The XIII International AIDS Conference was held in Durban, South Africa, during the week of July 9-14 2000.  12,000 people from all over the world attended, including scientists, clinicians, health care workers, public health agencies, people living with HIV/AIDS, AIDS Non-Governmental Organizations, politicians, and the media.  This conference has taken place regularly since its inception in 1985, and now takes place every two years.

Theme 
Each conference has a theme.  The theme for 2000 was "Breaking the Silence", which is described as "the urgent need to break the silence on equal access to treatment and care; improved and ongoing prevention of HIV transmission; governmental and private sector support of HIV education and resources; human rights; access of appropriate and meaningful information to all sectors and ensuring a supportive environment for people living with HIV/AIDS (PWA) in society."

Issues 
There seems to have been a battle between the political and scientific communities happening on the fringes of the conference.

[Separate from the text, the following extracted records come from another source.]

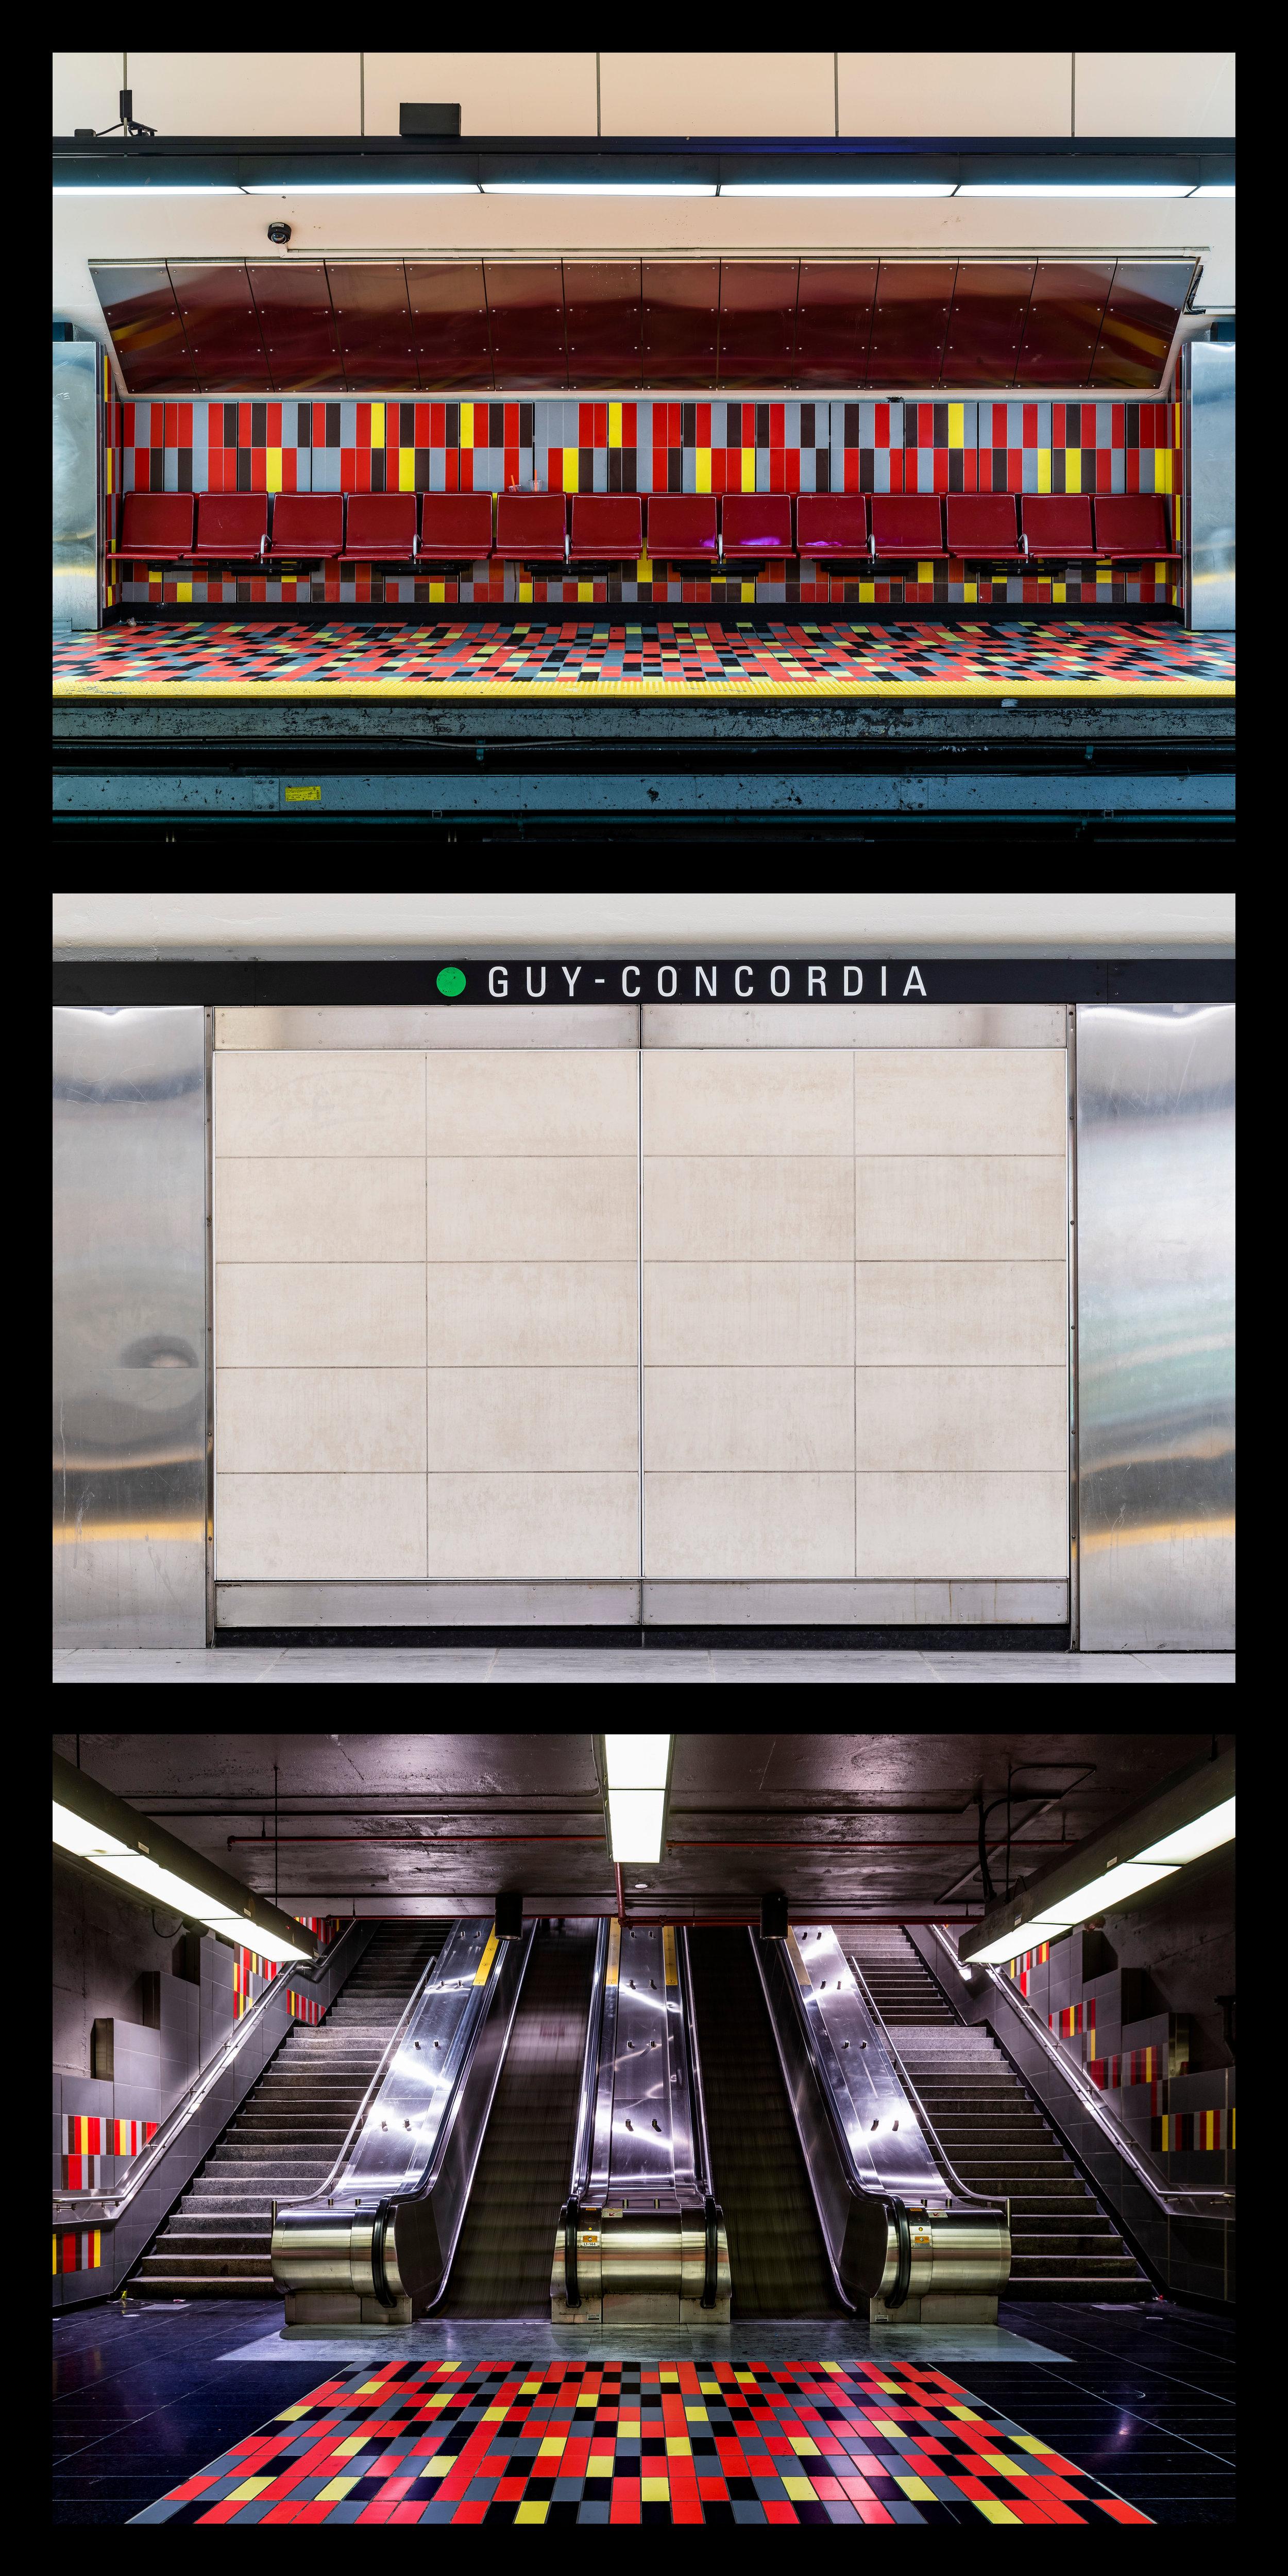 Guy-Concordia.jpg
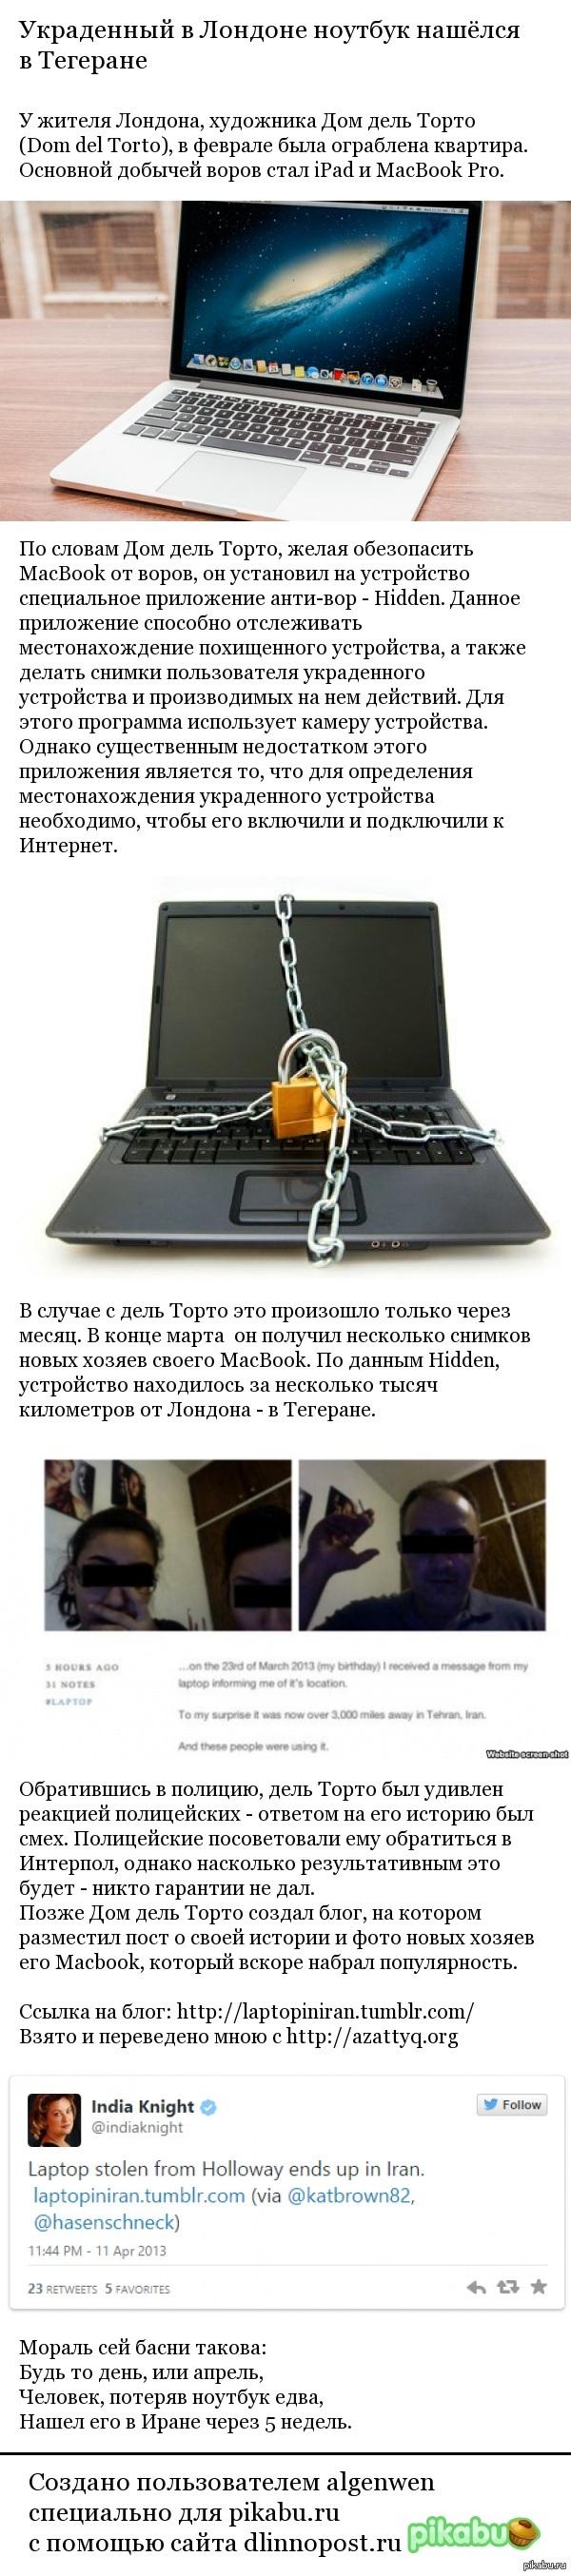 Украденный в Лондоне ноутбук нашёлся в Тегеране Мой первый длиннопост :)
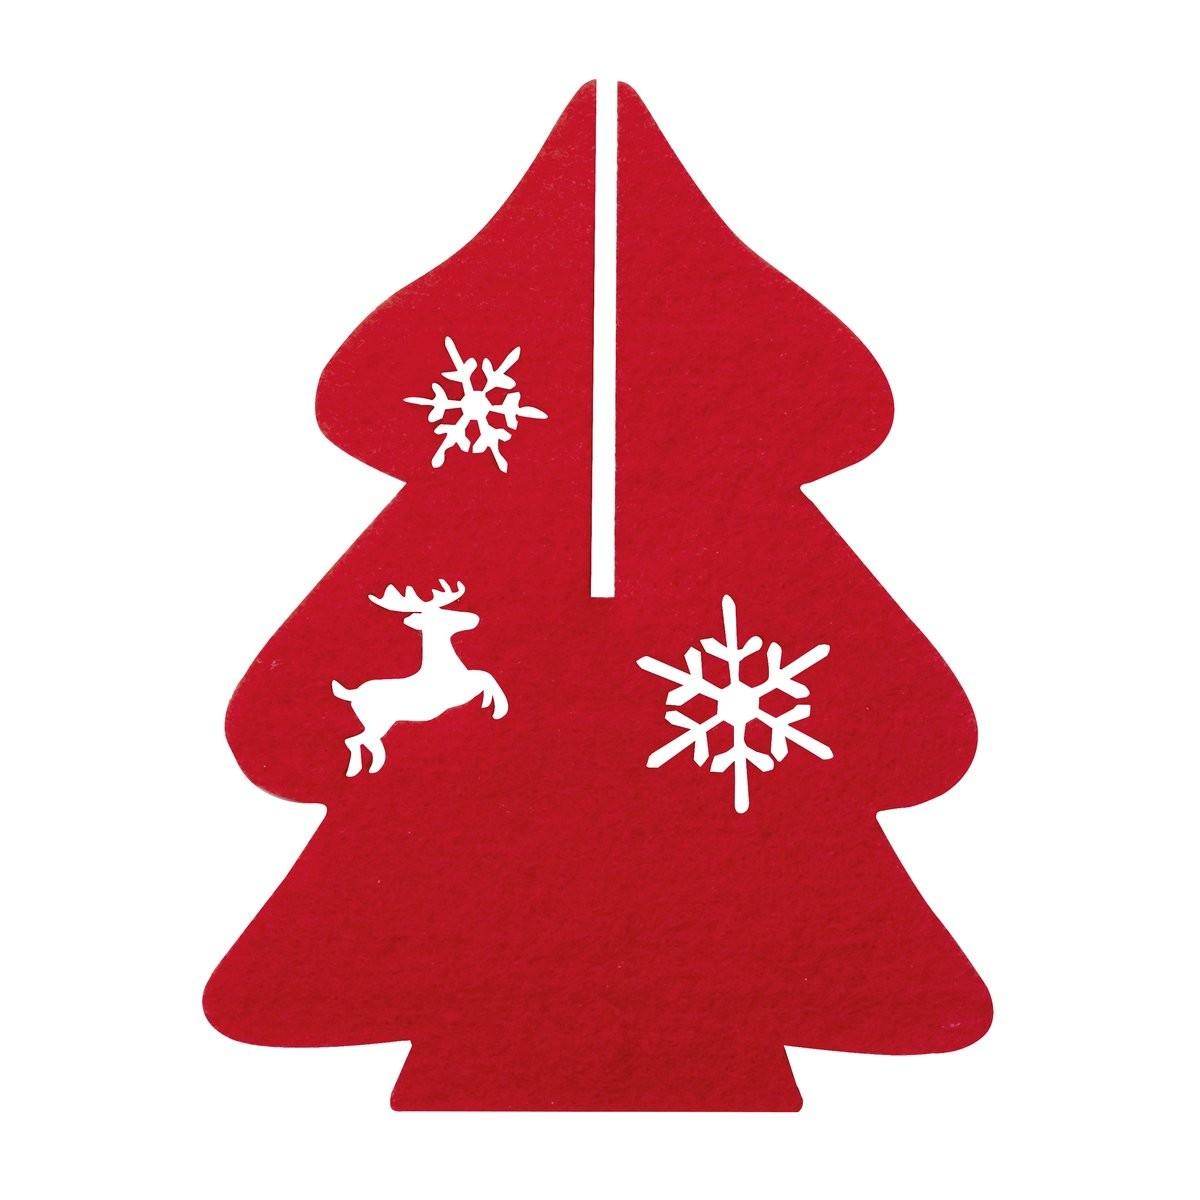 Weihnachtsdekoration REFLECTS-JINAN RED, Ansicht 7
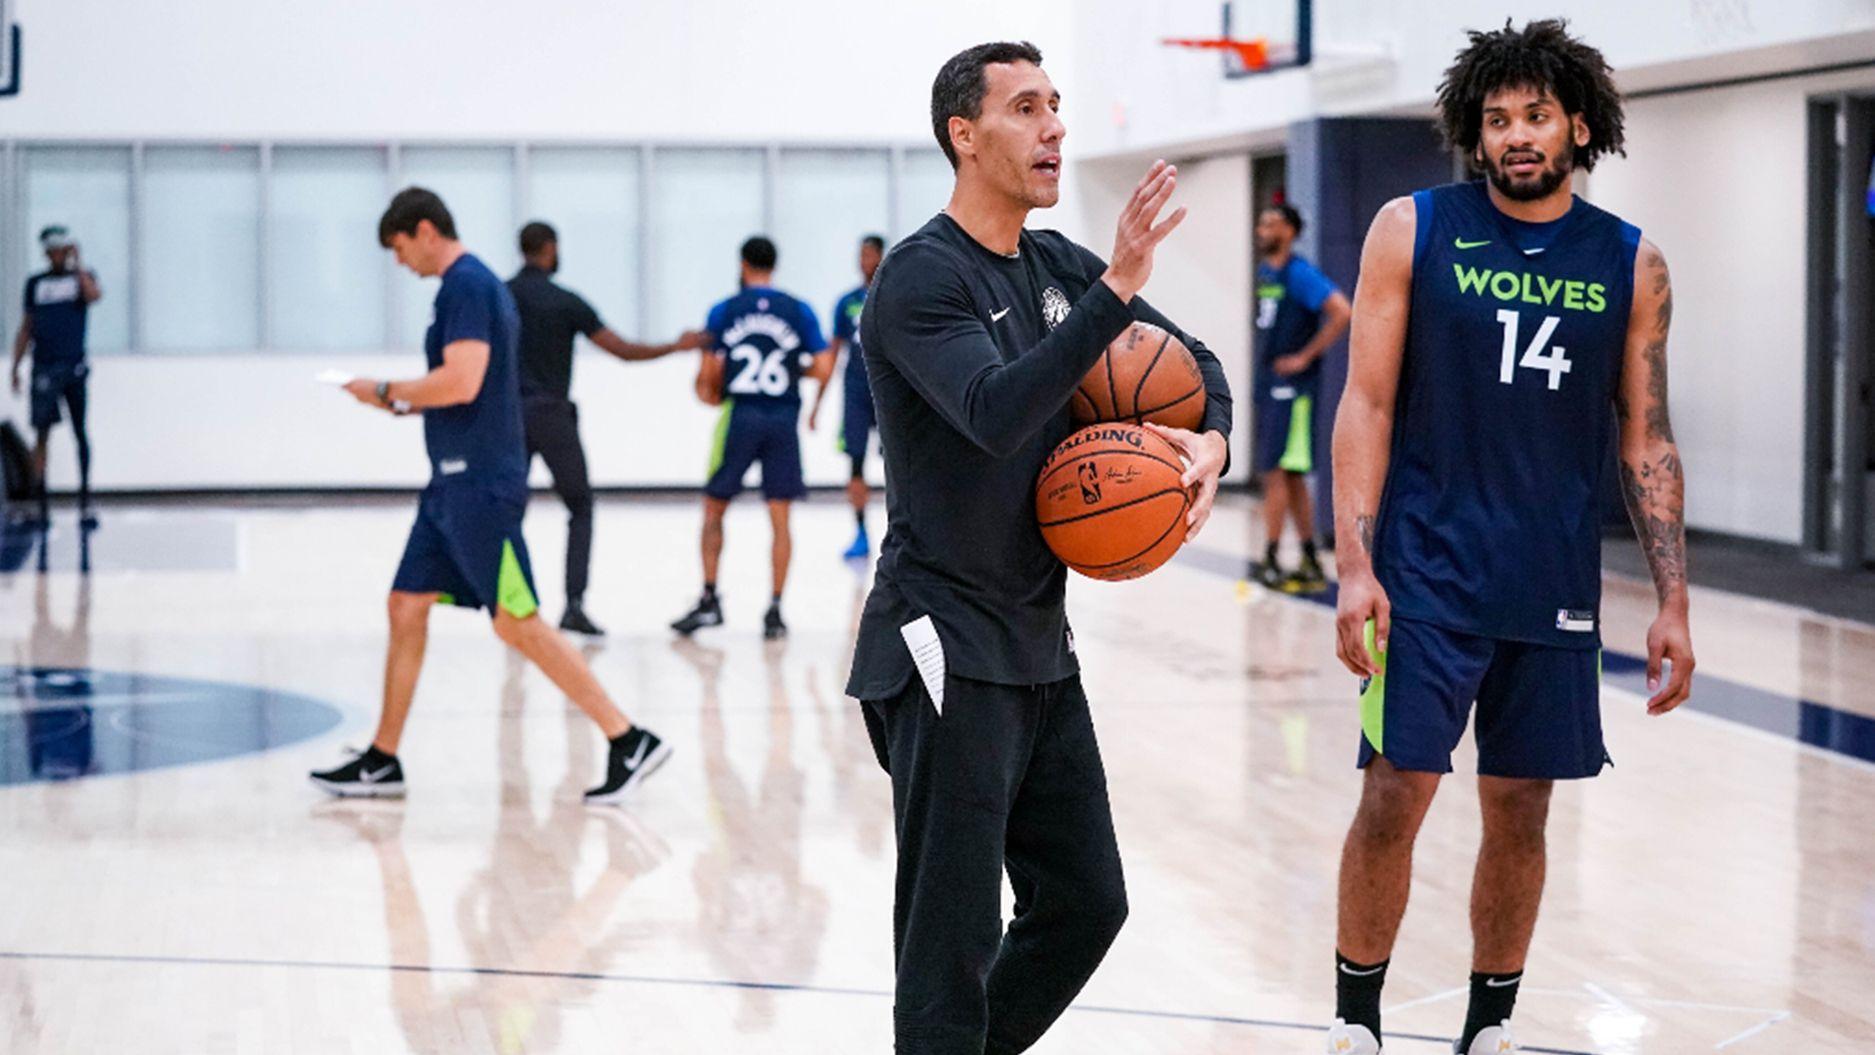 Prigioni es uno de los asistentes técnicos en Minnesota, otro de los posibles destinos de Campazzo en la NBA (Cody Sharrett / Timberwolves)

It was at this conference that Professor Jeffrey D. Sachs, then Chairman of the WHO Commission on Macroeconomics and Health, first called for a global fund to fight AIDS.  This recommendation was picked up the following year in the establishment of the Global Fund to Fight AIDS, TB, and Malaria.  This can be supported from a presentation which Professor Sachs presented during the conference (slide 10).

Closing Ceremony 
An 83-year-old and fragile-looking Nelson Mandela gave the closing address, and part of it is reproduced here:
To have been asked to deliver the closing address at this conference, which in a very literal sense concerns itself with matters of life and death, weighs heavily upon me for the gravity of the responsibility placed on one.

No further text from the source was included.